On his first day in office, Biden restored the climate cost estimate to roughly $51 per ton of carbon dioxide emissions, following the Trump administration decision to cut the number to roughly $7 or less per ton and account only for the impacts in the U.S. rather than across the world.
The "social cost of carbon" estimate accounts for effects of events like droughts, wildfires, and storms that have grown more frequent and intense with climate change.
In his order, Cain wrote that using such a metric in oil and gas lease reviews would "artificially increase the cost estimates of lease sales," which would directly impact states receiving bids and production royalties through energy production.
The judge also wrote that the president didn't have the authority to make a change to the figure through executive order and violated federal law by implementing new rules without getting public comment.
"The President lacks power to promulgate fundamentally transformative legislative rules in areas of vast political, social, and economic importance," Cain wrote in the injunction.
Max Sarinsky, a senior attorney at the Institute for Policy Integrity at New York University School of Law, called Cain's ruling "legally incoherent," arguing that it's put federal agencies in a Catch-22 as they attempt to assess the cost of climate change in major decisions.
"There's a fair amount of legal precedent for these agencies to consider climate science," Sarinsky said. "And this injunction prevents them from using these climate estimates."
Michael Freeman, a senior attorney at Earthjustice, said Cain's ruling was "deeply flawed and contained numerous legal and factual errors," and that the government's decision to delay new leases was unintended fallout.

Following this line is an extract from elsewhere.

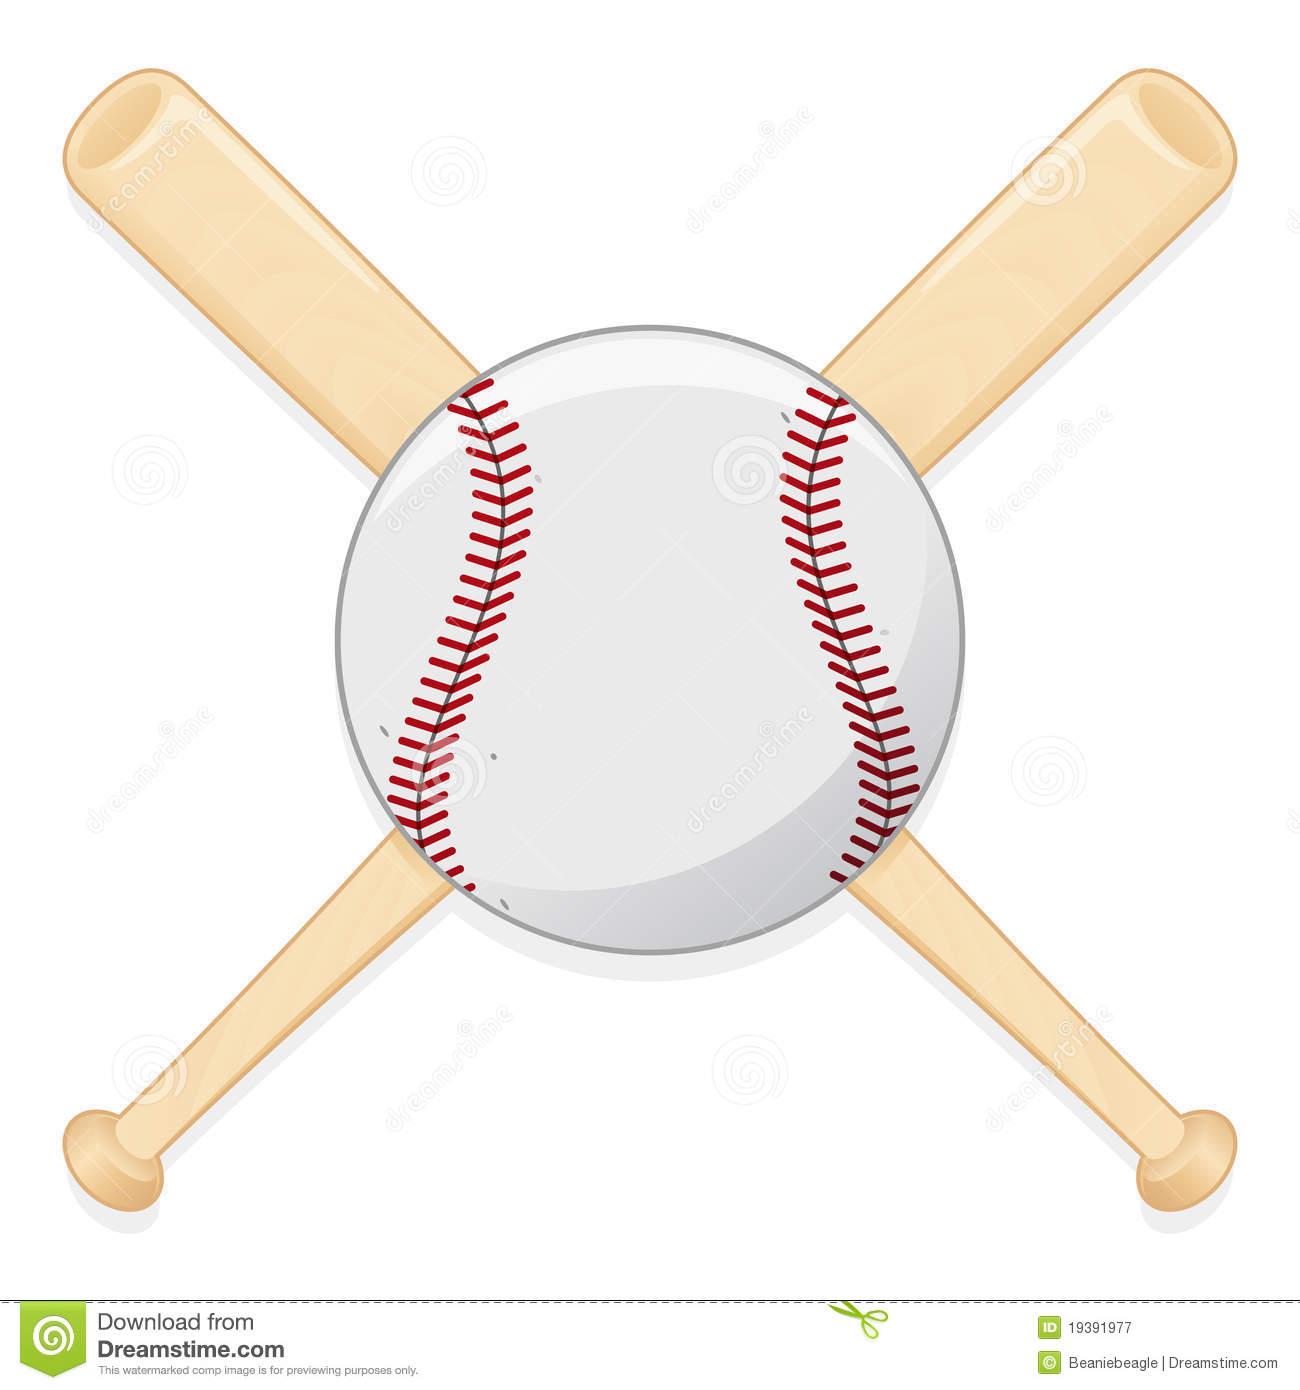 Bat clipart boll. Baseball images image group

"Louisiana, and the oil and gas industry, have tripped over their own feet in trying to force the federal government to rush full speed ahead with irresponsible oil and gas development," Freeman said.
"Ultimately, what Louisiana and the industry really want is for the federal government to just ignore climate change," Freeman said. "But the law doesn't let the government do that."

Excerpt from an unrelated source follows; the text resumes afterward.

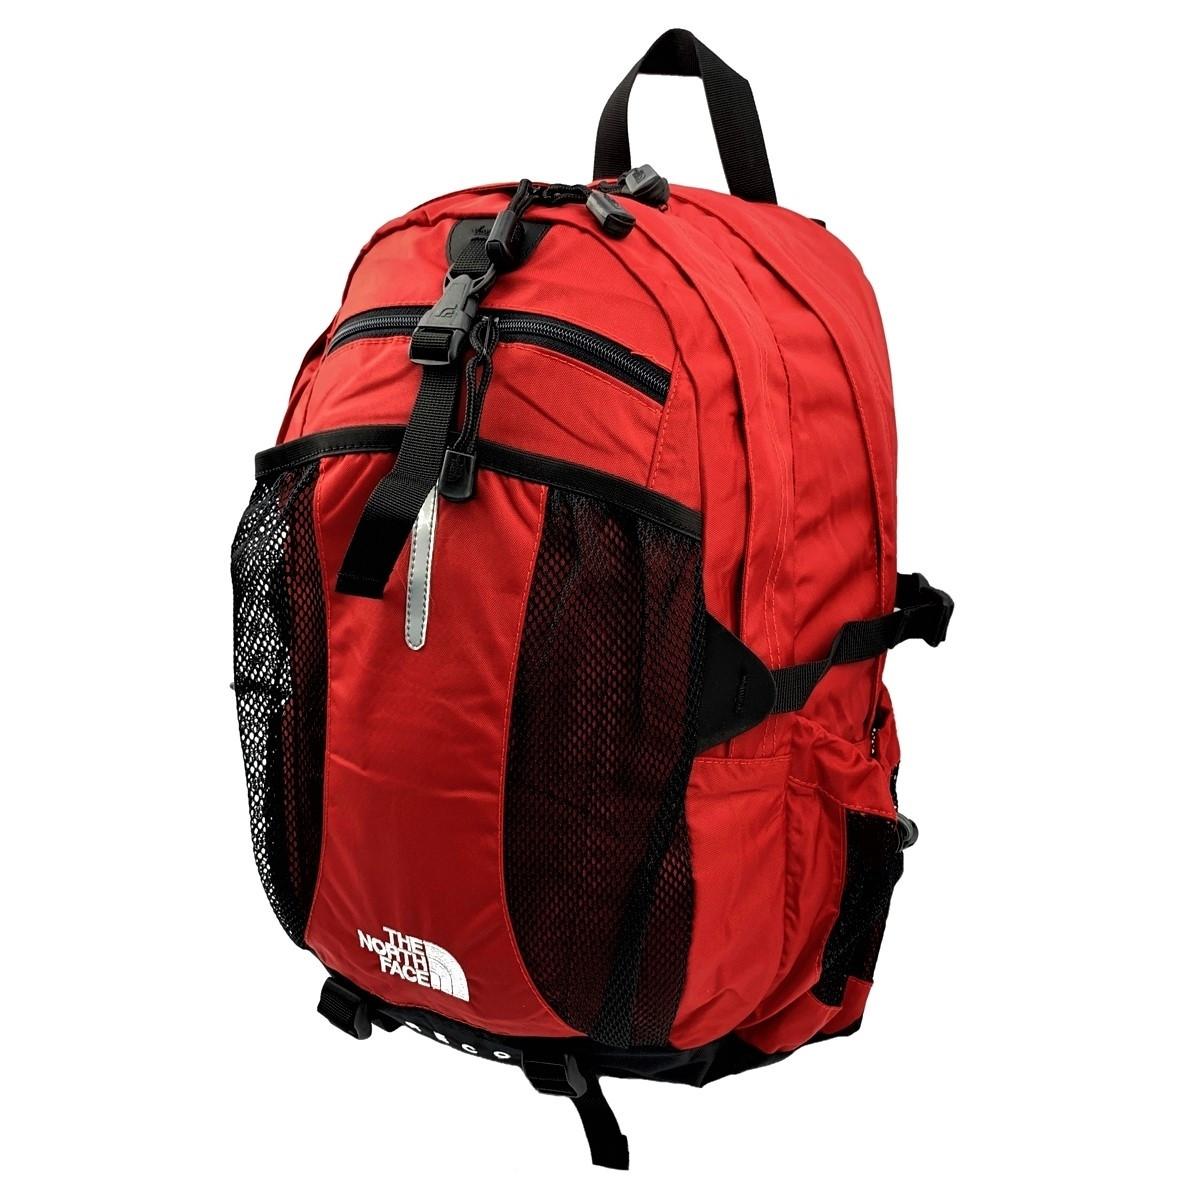 Городской рюкзак The North Face Recon 33L красного цвета с отделением для ноутбука

Dominic Mancini, deputy administrator of the Office of Information and Regulatory Affairs of the Office of Management and Budget, said that several agencies are experiencing delays in plans due to the ruling.

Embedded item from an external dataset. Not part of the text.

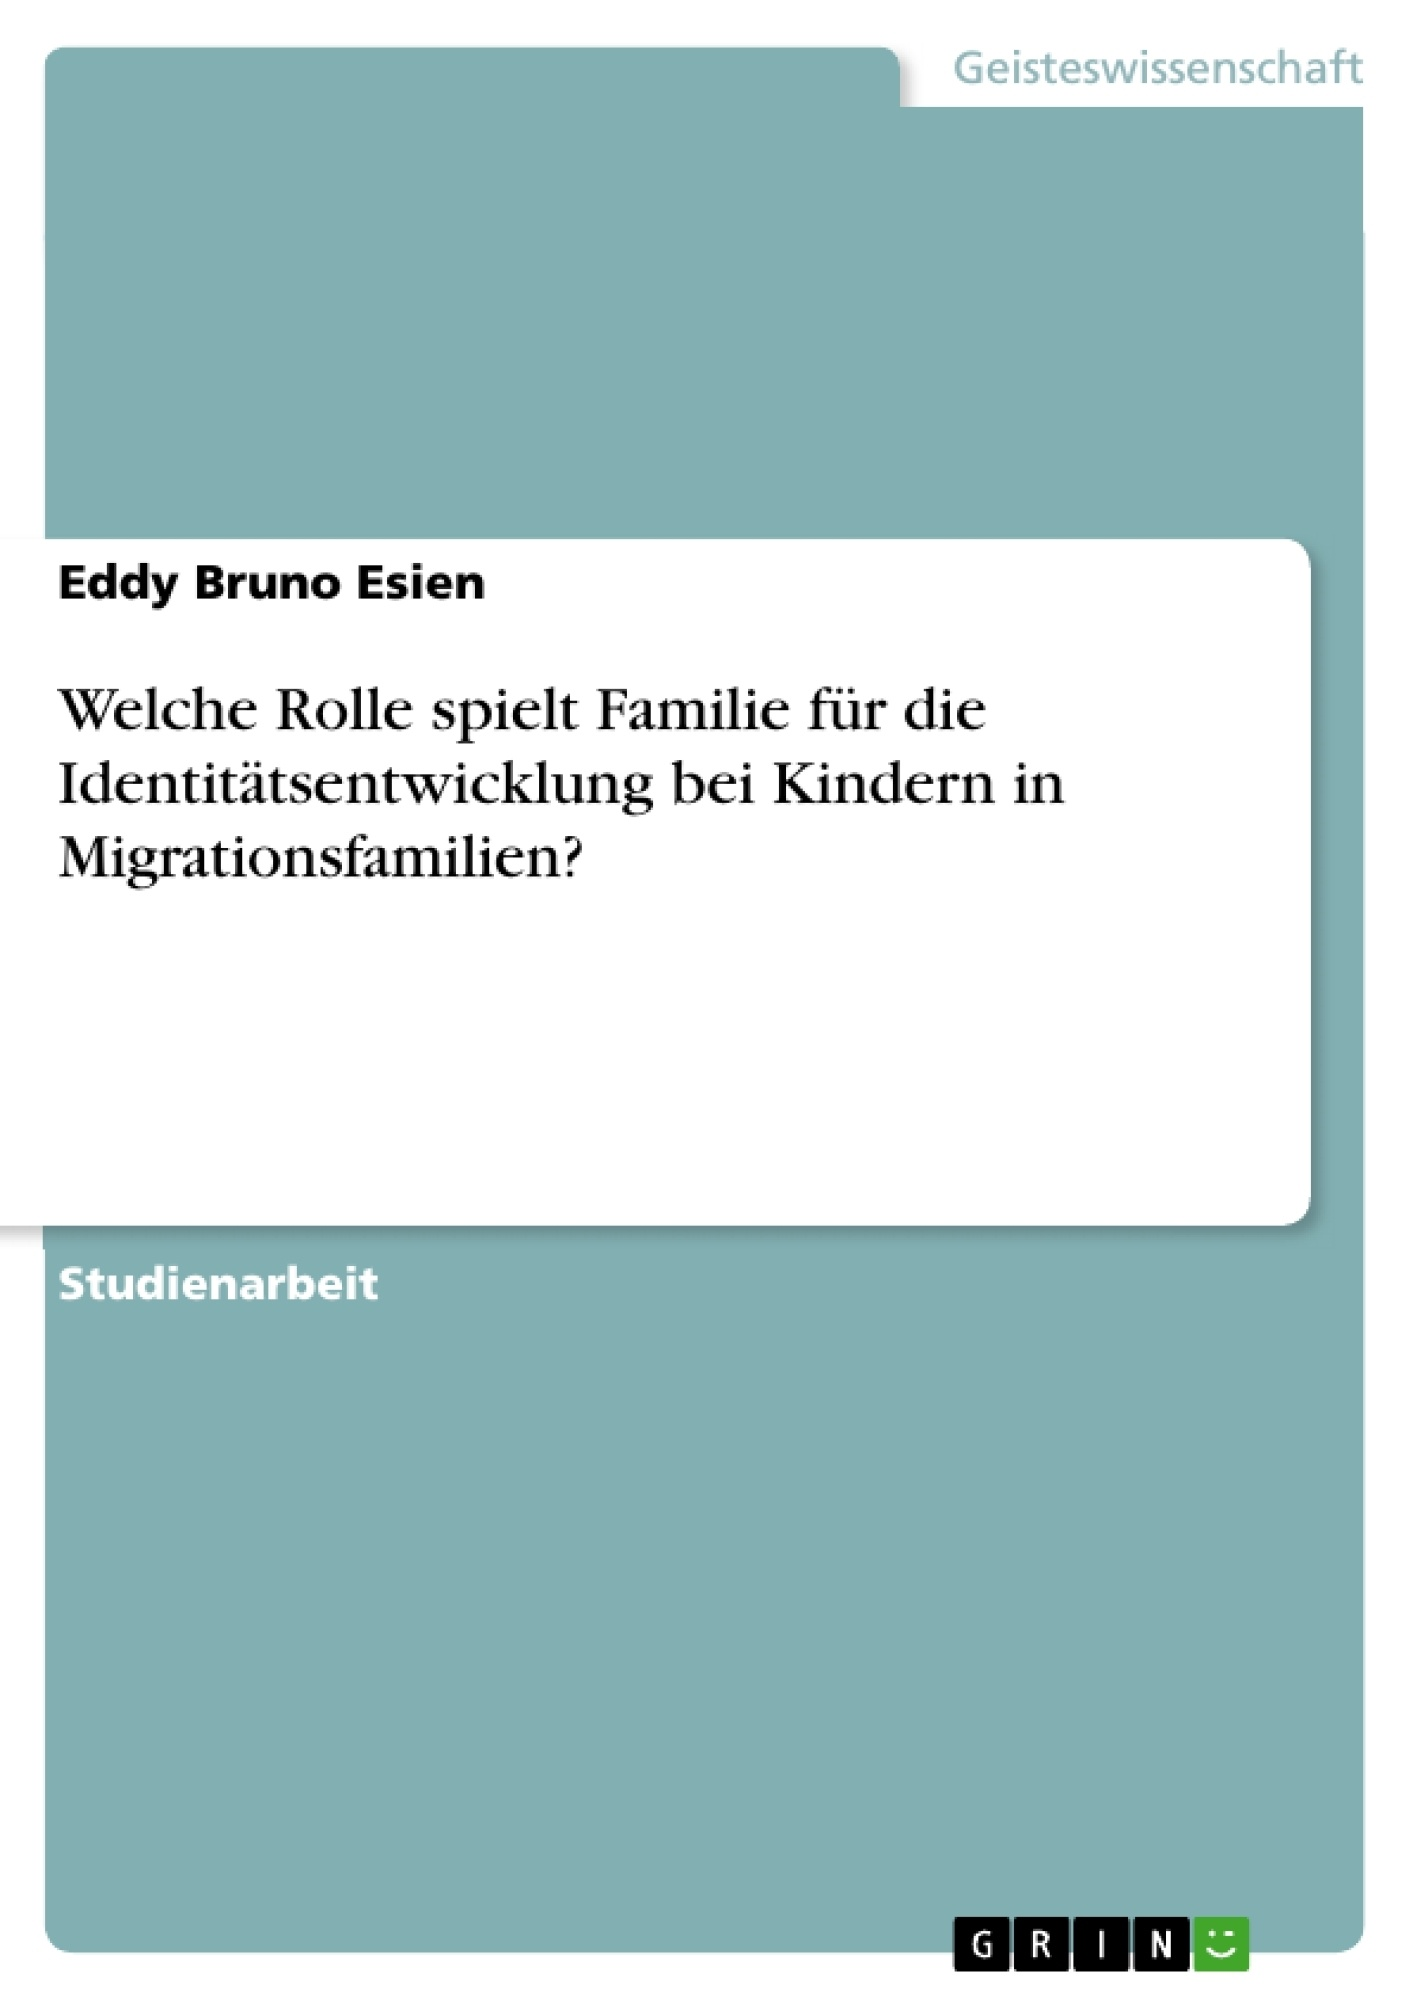 Titel: Welche Rolle spielt Familie für die Identitätsentwicklung bei Kindern in Migrationsfamilien?

Transportation Department officials, for instance, are worried about a delay to a federal grant program for rail and transit projects that could last for months.
The order will also delay the Energy Department's court-ordered plan to issue energy conservation standards for manufactured housing, Mancini said, as well as a Bureau of Land Management plan to reduce natural gas waste on federal lands.
Environmentalists and legal experts have sharply condemned Cain's ruling on the real cost of climate change and pointed to the irony of the delayed fossil fuel extraction as a result of the order.
Brett Hartl, the government affairs director of the Center for Biological Diversity, said the leasing delay will likely last no more than two month,s and that new drilling permits were unnecessary, excessive and incompatible with the country's goals to mitigate climate change.
"The sliver of unintended consequence that's somewhat ironic doesn't outweigh the reality that this judge's decision is undermining dozens of important regulations across the government and efforts to address the climate crisis," Hartl said.
Drilling on public lands generates billions of dollars in revenue and contributes to about a quarter of U.S. greenhouse gas emissions. Despite a campaign vow to stop drilling, Biden has approved more drilling permits on public lands per month than the Trump administration did during Donald Trump's first three years in office.
Early in his presidency, Biden signed an executive order directing the Interior secretary to halt new leases and begin a thorough review of existing permits for fossil fuel development. But 13 GOP state attorneys general sued and a federal judge in Louisiana blocked the order.